Santino’s story is one that sticks. Books have been written and films produced about the Lost Boys of Sudan, of which Santino is one. As far removed as we in the West often are from people on the other side of the globe, Santino’s story could be our story. War and drought and famine could break out here just as easily as it can anywhere else. Even if we are spared such extreme circumstances, the day may come when we are shaken to our core by some other unforeseen circumstance. If that day should come – where will we find our hope? Where will we find our security? As Robert Frost so aptly put it, nothing gold can stay. At least, that is, not here on earth.
“The LORD is my rock, my fortress, and my savior; my God is my rock, in whom I find protection. He is my shield, the power that saves me, and my place of safety.” Psalm 18:2
What you can do to help
All the need in the world, both locally and globally, can feel overwhelming at times. If you are interested in contributing to the food crisis in the Horn of Africa, read on for suggestions.

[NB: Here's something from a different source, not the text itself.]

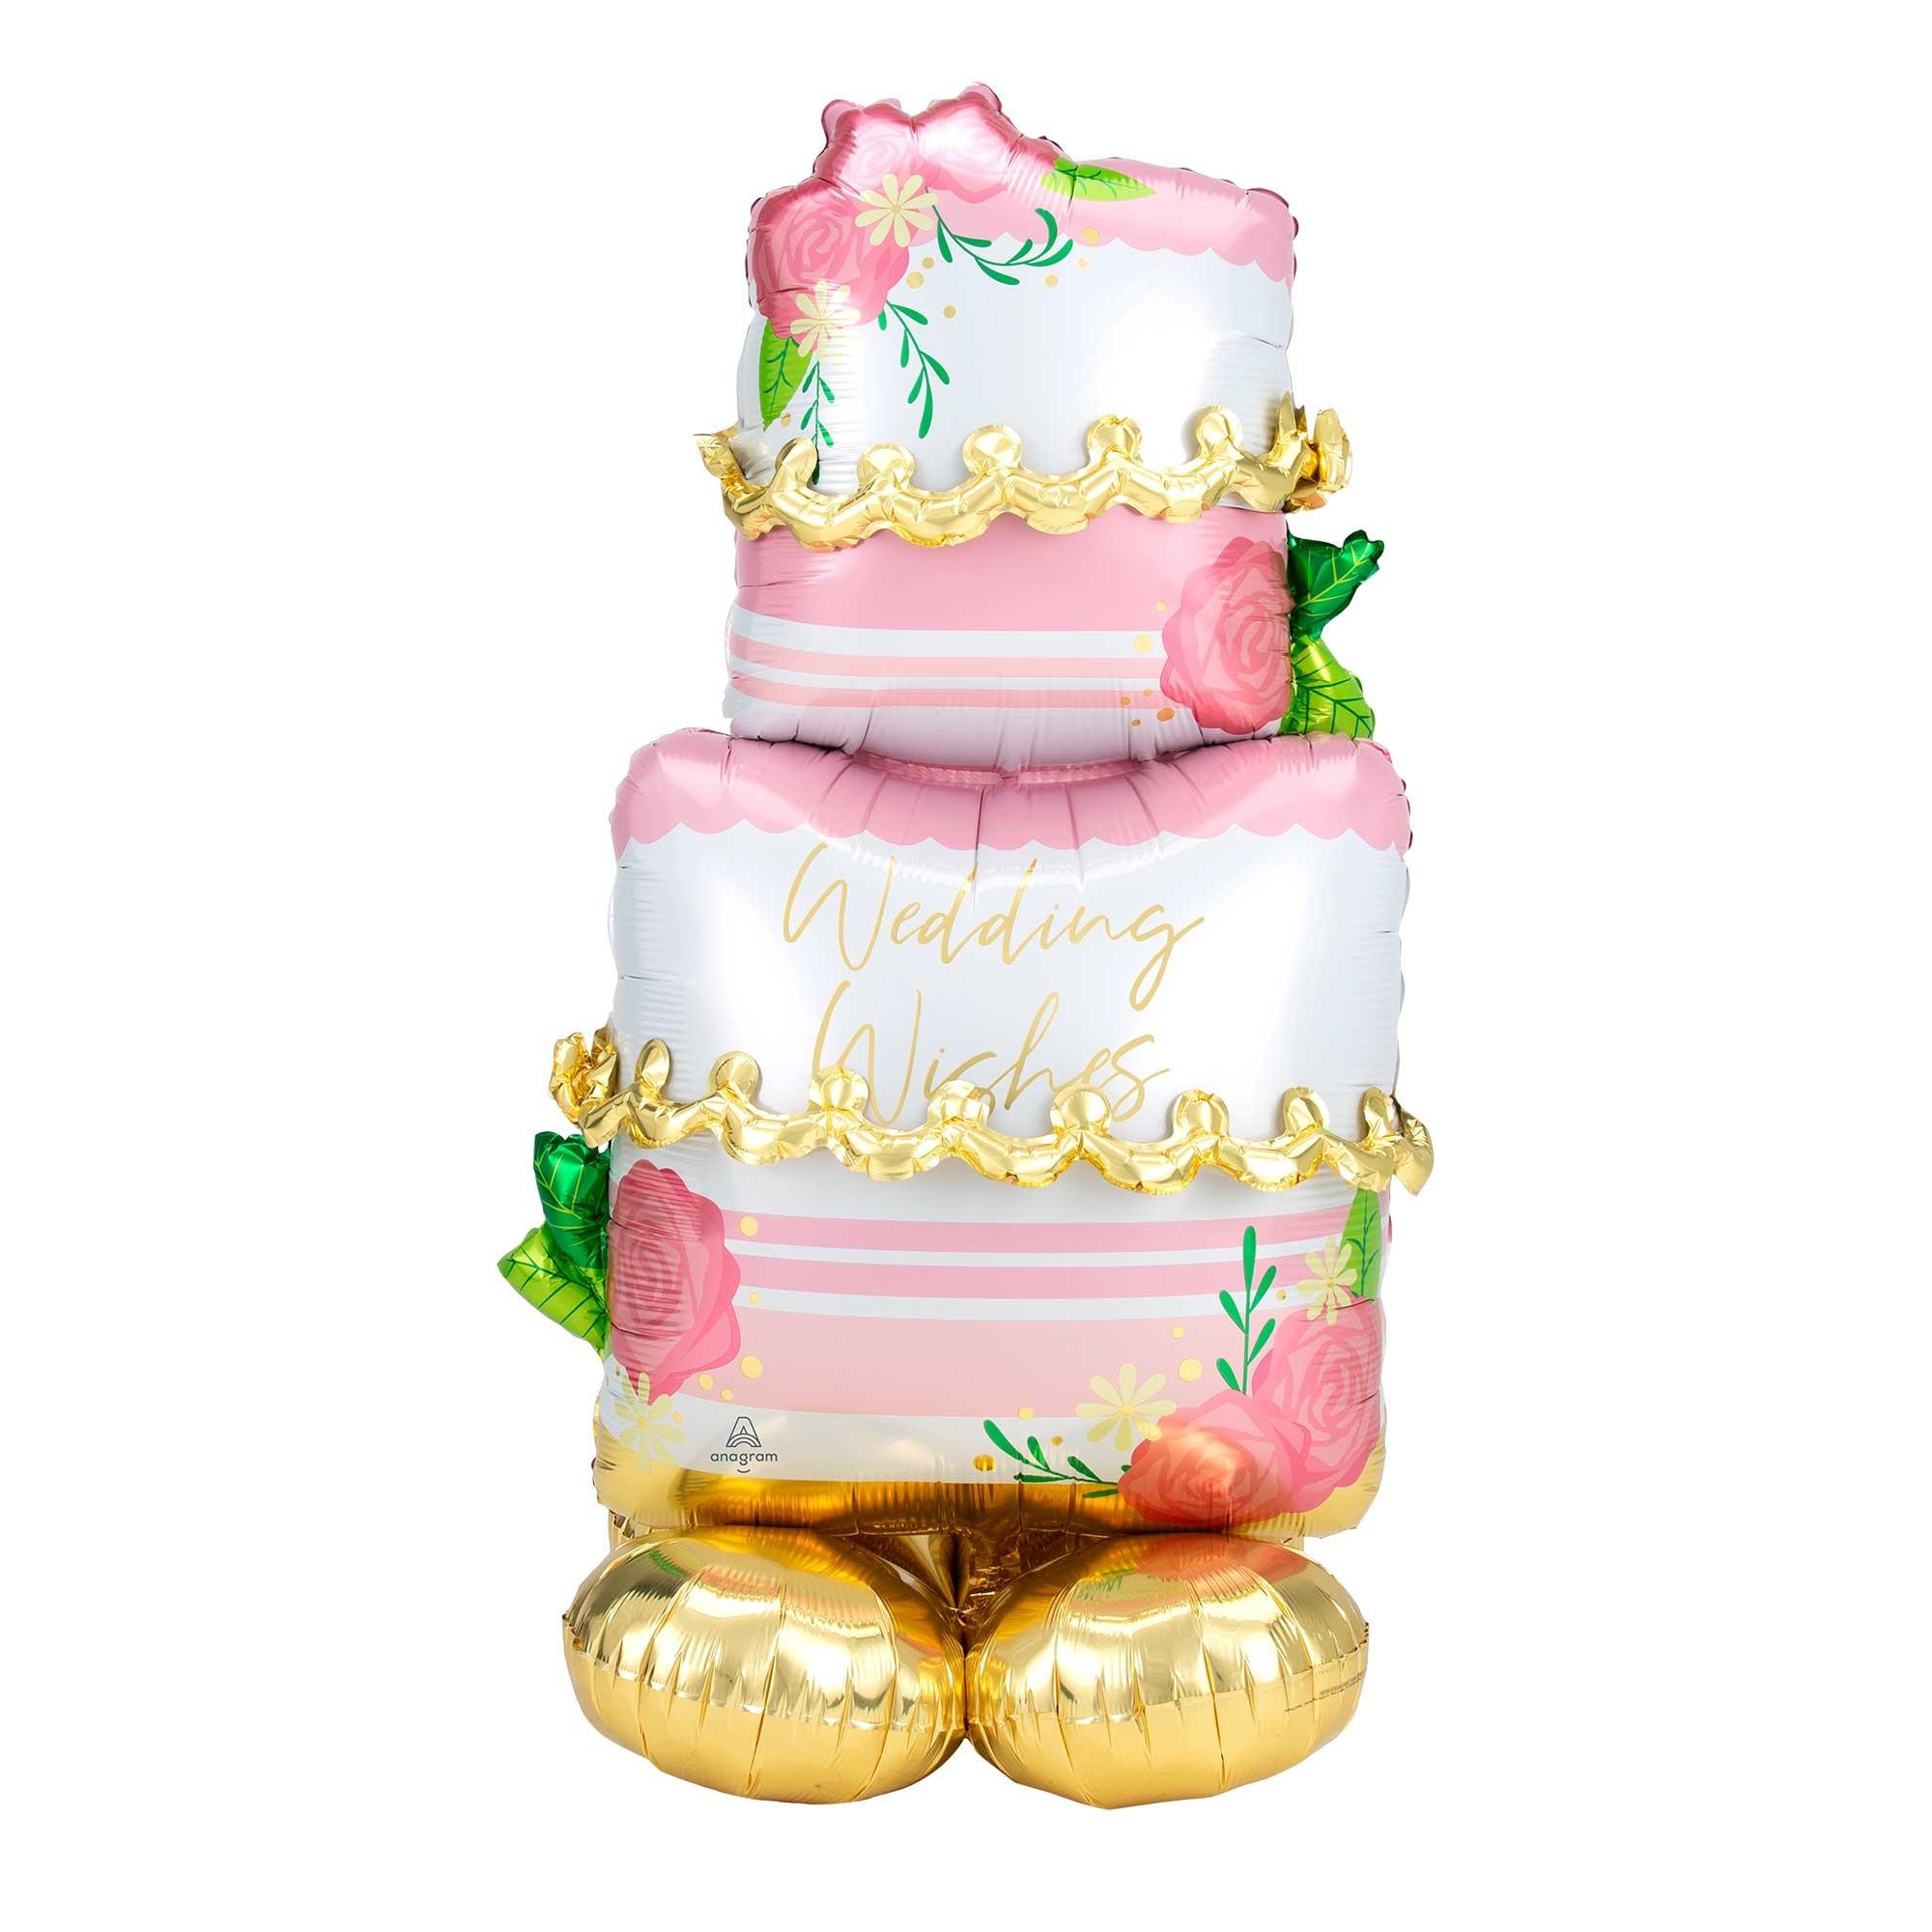 CI: AirLoonz Wedding Wishes Cake P70
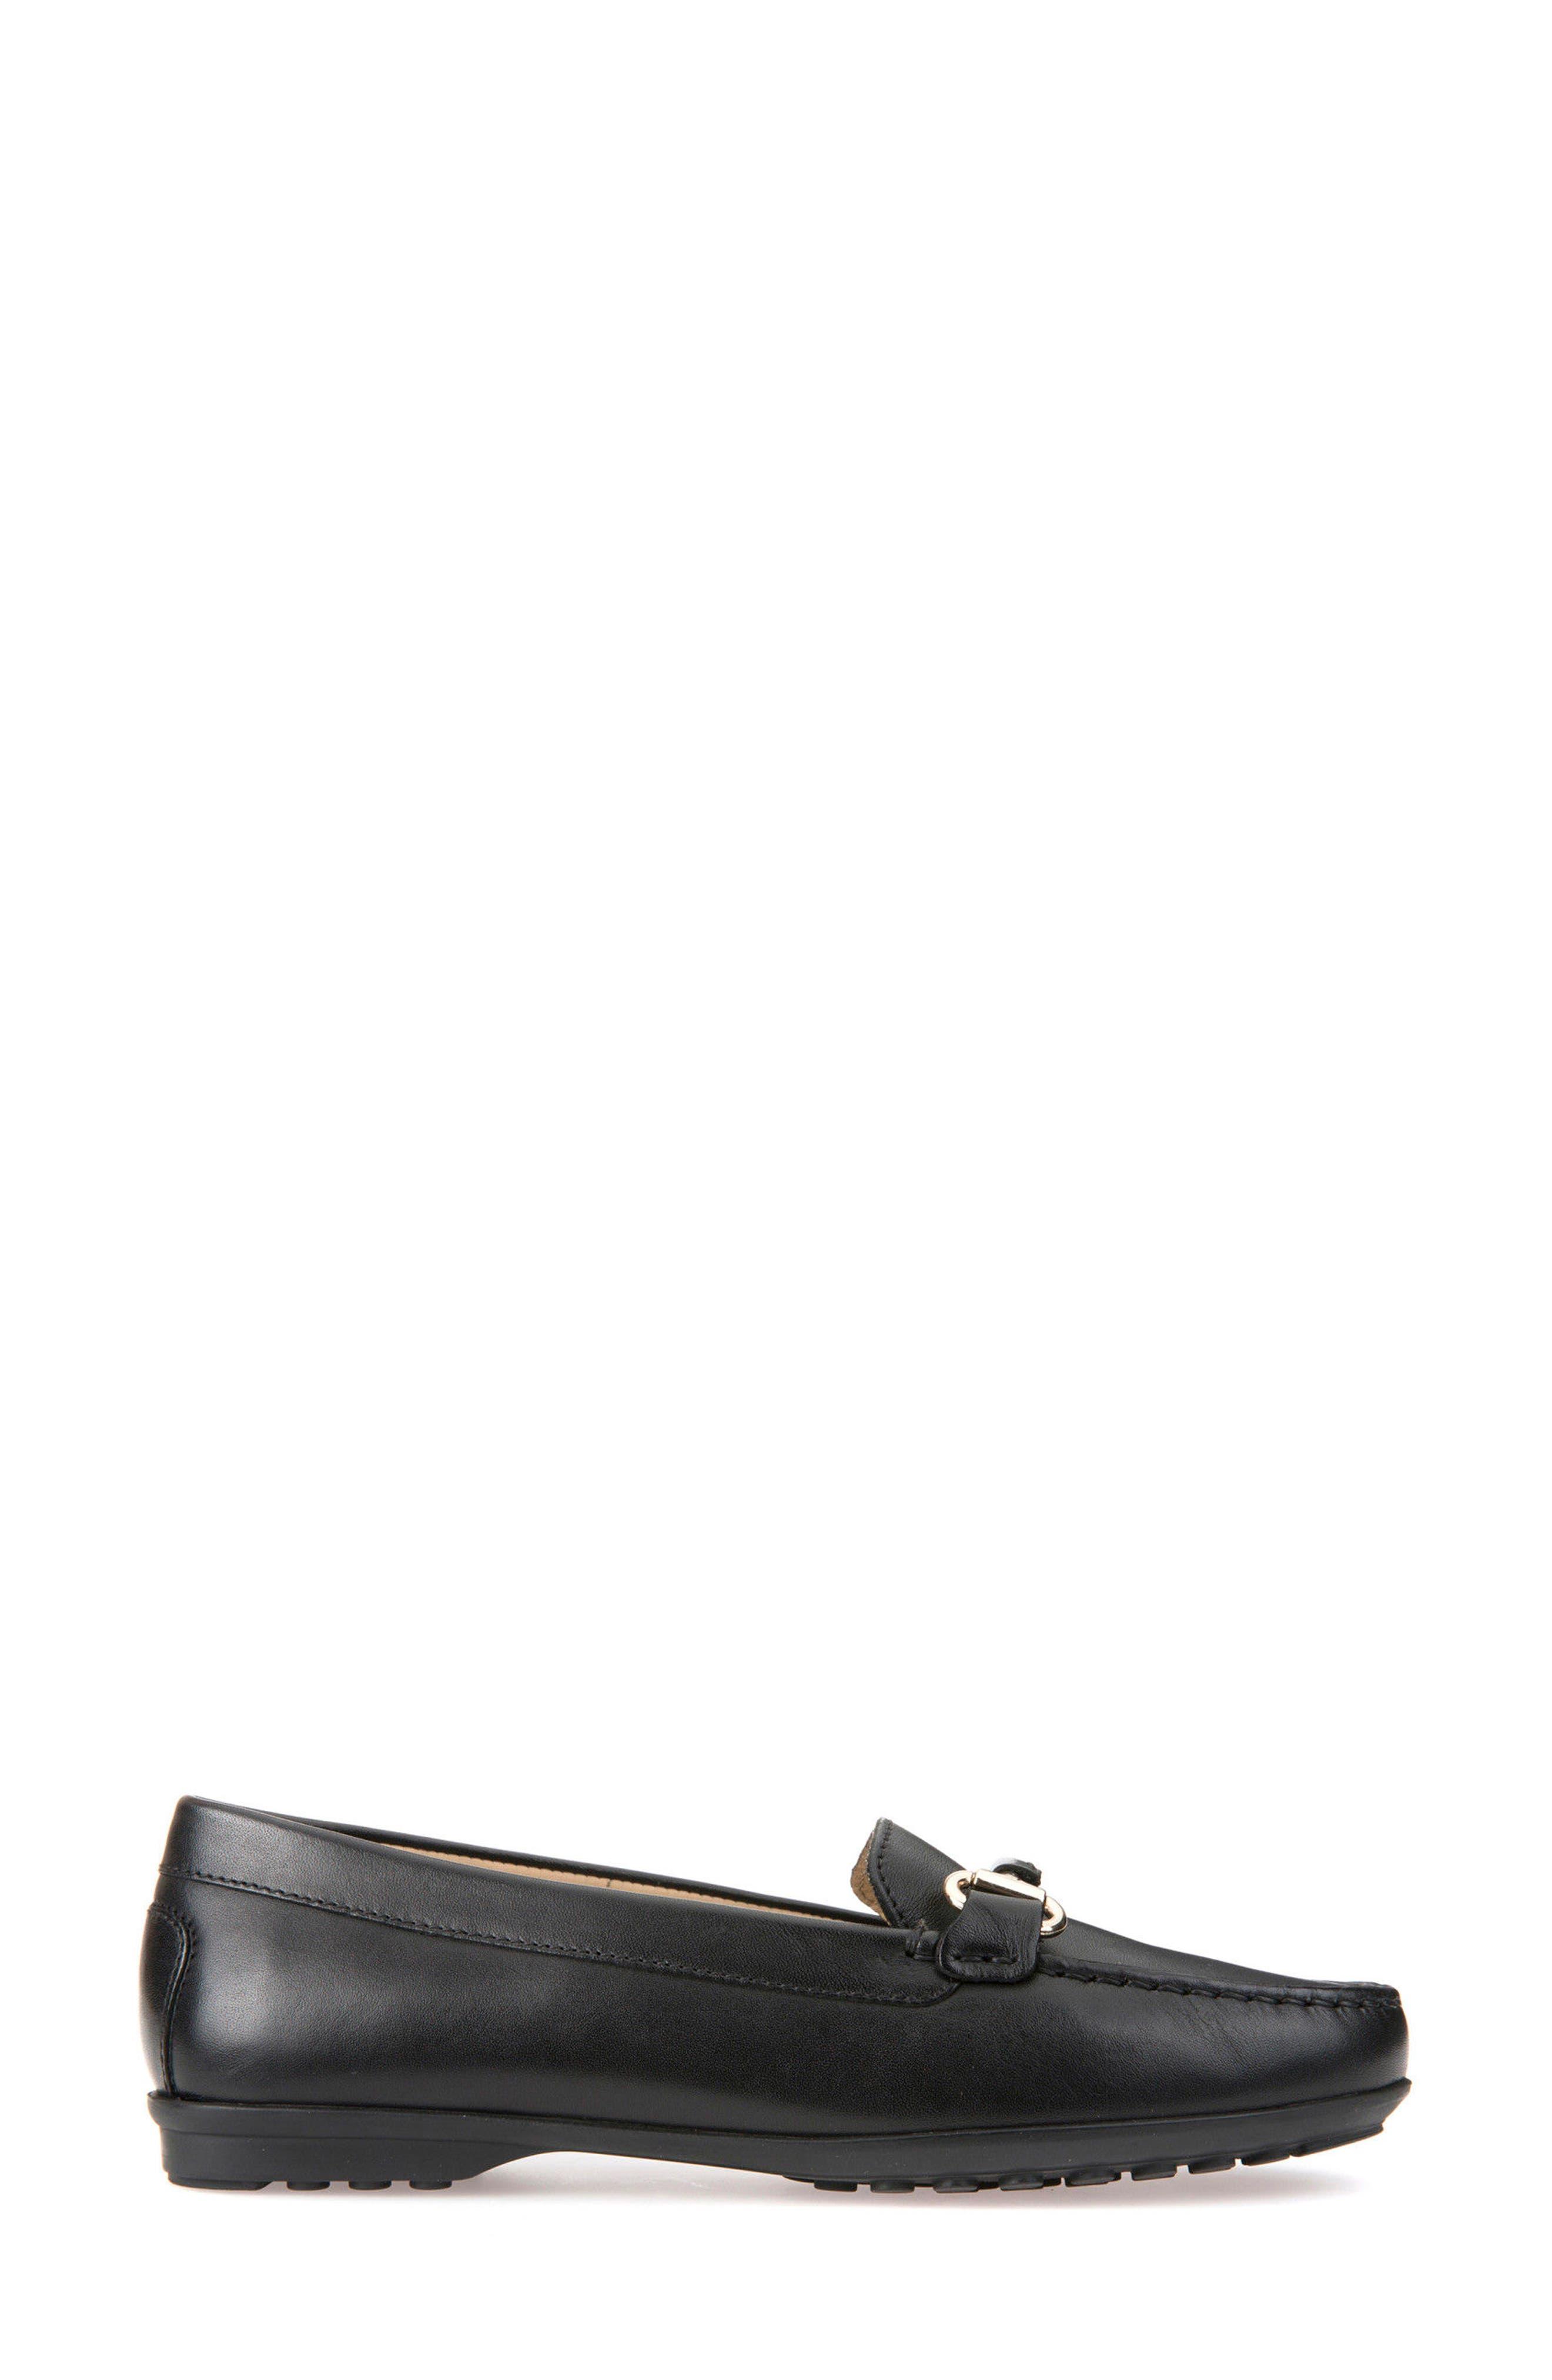 Elidia Buckle Loafer,                             Alternate thumbnail 3, color,                             Black Leather

They say knowledge is power. Learn more at:
- https://www.fews.net (Famine Early Warning System)
- https://earthobservatory.nasa.gov/IOTD/view.php?id=89735 (NASA Earth Observatory)
When I asked Santino how people in the United States might help, he suggested giving through an organization or a church. Santino relates that while food is needed in many areas, relief organizations generally stop in city centers and do not always get supplies to rural or violent areas where people often need the items the most. However, some organizations provide supplies to refugee camps or do air drops. Click here to see a list of organizations providing relief.
In addition to food and water, Santino also suggested a couple other ways to help:
- Give money for an organization or church to send tools. In those areas where farming is still possible, Santino states that one tractor can help an entire village harvest food for themselves.
- Support the Gospel. Santino recognizes the healing power of forgiveness and the message of unity through Christ. Do you know a missionary serving in the horn of Africa? Or do you know of any organizations that currently have missionaries there? Consider supporting their message through financial gifts or prayer.
- One way to support the Gospel message is by aiding in the translation of Scripture. The Seed Company is a reputable Bible translation organization. Click here to read about their efforts in South Sudan.
Another way to help is to support the refugees in your area. Do you know of anyone who arrived in the United States from a conflict torn area? In Africa specifically, the culture is collectivist, and the individualistic mindset of the West can feel lonely. For example, Santino has been encouraged by people inviting him into their homes. He has also received letters from a church he used to attend in another state.
Always, the best place to start is through prayer. What is the Holy Spirit prompting you to do with the resources you’ve been given? Ask Him, and see what He says. His answer might surprise you.